Москва / Modern Moscow. История культуры в рассказах и диалогах (Волков) - страница 208

Публика поняла сигнал дирижера – аплодисменты мгновенно прекратились. Но зато после финальных истаи-вающих звуков зал буквально взревел. Люди неистовствовали, плача и смеясь одновременно, скандируя: “Бра-во, Шо-ста-ко-вич! Бра-во, Ев-ту-шен-ко!”

Все вскочили, бешено аплодируя – за исключением функционеров в первых рядах. Сидевший за ними Эрнст Неизвестный вспоминал: “Ведь сначала, сразу после конца исполнения, повисла необычайно длинная пауза – настолько длинная, что я даже испугался: нет ли тут какого-то заговора? Или люди боятся? Но потом – эта лавина аплодисментов, невероятный гром! И тут я узрел кафкианскую сцену. Жены этих черных жуков в первых рядах, поддавшись успеху, тоже встали! Как вдруг чиновники, как по команде, подняли руки – черные рукава, белые манжеты, – каждый положил руку на бедро своей половине и ее разом посадил на место! Клянусь вам! Я как художник запомнил это навсегда!” (Эрнст Неизвестный в разговоре с автором.)

Евтушенко, согласно Неизвестному, выбегал на поклоны взлохмаченный и необычайно напряженный. “А Шостакович, как всегда, производил полубезумное впечатление. Он с трудом двигался, был бледен как полотно и дергал все время головой…” Оба они понимали, что происходящее в зале – политическая демонстрация.

Исполнение Тринадцатой симфонии стало рубежным событием культурной жизни 1960-х годов. Реакция публики показала, что люди хотят большей открытости. Реакция начальства показала, что оно этой открытости смертельно боится.

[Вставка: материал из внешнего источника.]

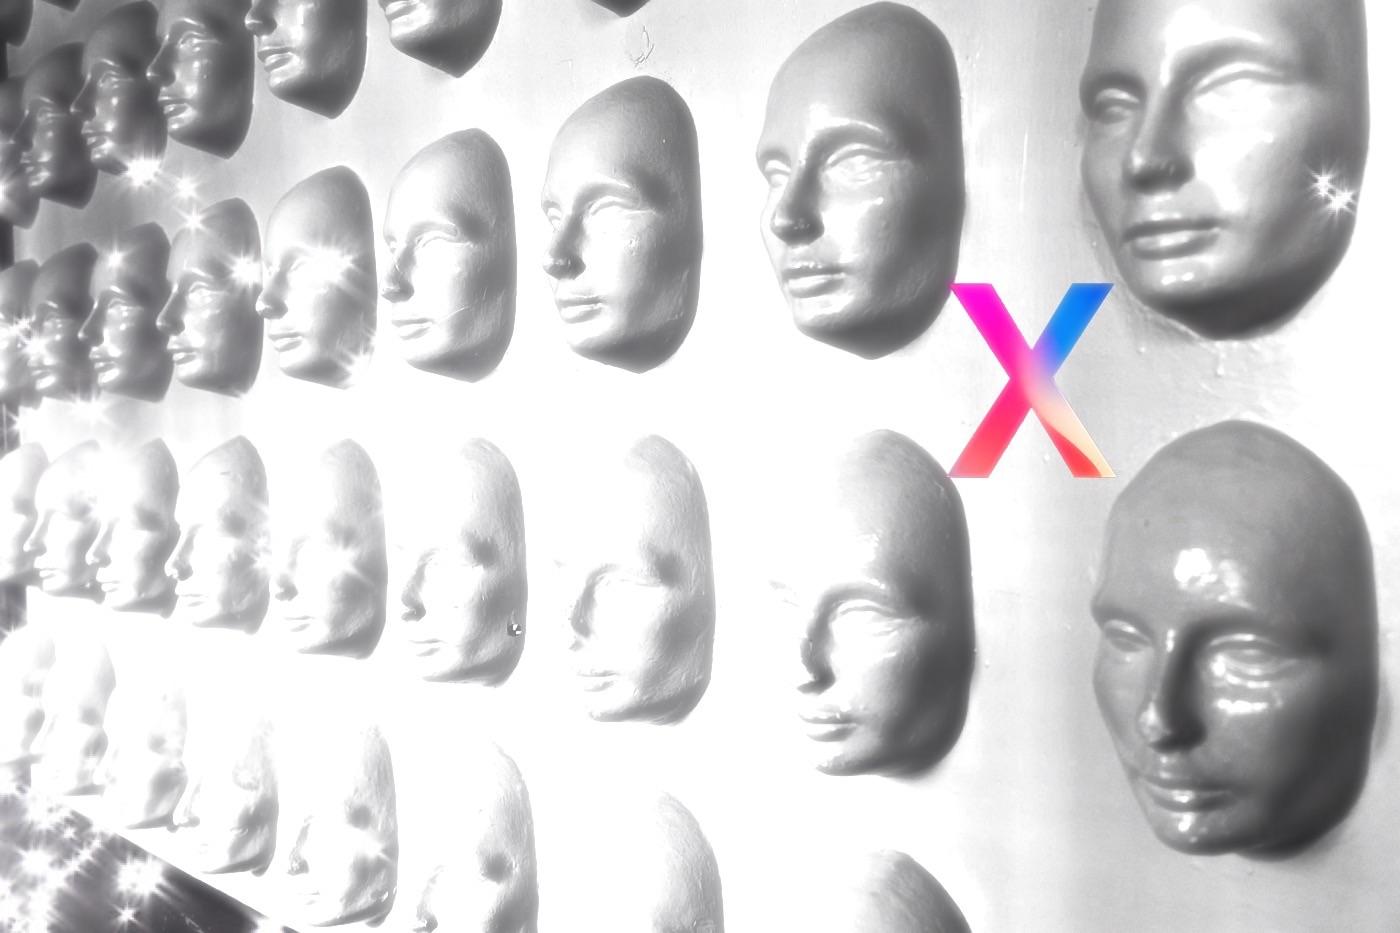 VIP Pass To The ℭpirit World DISCLOSURE REVEALS FUTURE - Siris human face finally revealed

Это был также важный политический сигнал, ознаменовавший начало конца Хрущева. Он стремительно терял поддержку и справа, и слева. Интеллигенция решила, что в вопросах культуры Хрущев чересчур уж сталинист. А собственному аппарату он стал казаться недостаточно твердым.

Многие из присутствовавших на премьере функционеров вскоре вступили в заговор, целью которого было свержение Хрущева.

Тринадцатая симфония надолго исчезла из репертуара советских оркестров. Официально ее не запрещали; ее всего лишь “не рекомендовали”. Этого было достаточно. Много лет не выпускали ни ее партитуру, ни запись на грампластинках.

Шостакович ежегодно отмечал дату окончания своего многострадального и столь важного для него опуса. Каждый раз в память об этом дне он зажигал тринадцать свечей…

Театр – это прежде всего труппа

Диалог с Дмитрием Бертманом

Соломон Волков. Дмитрий, книжка моя посвящена московской культуре от восхода звезды Чехова-драматурга до Пригова и Венедикта Ерофеева. Кстати, о Веничке, чтобы не забыть: Щедрин думает об опере по “Москве – Петушкам”. Если, конечно, вас этот композитор и сюжет интересуют.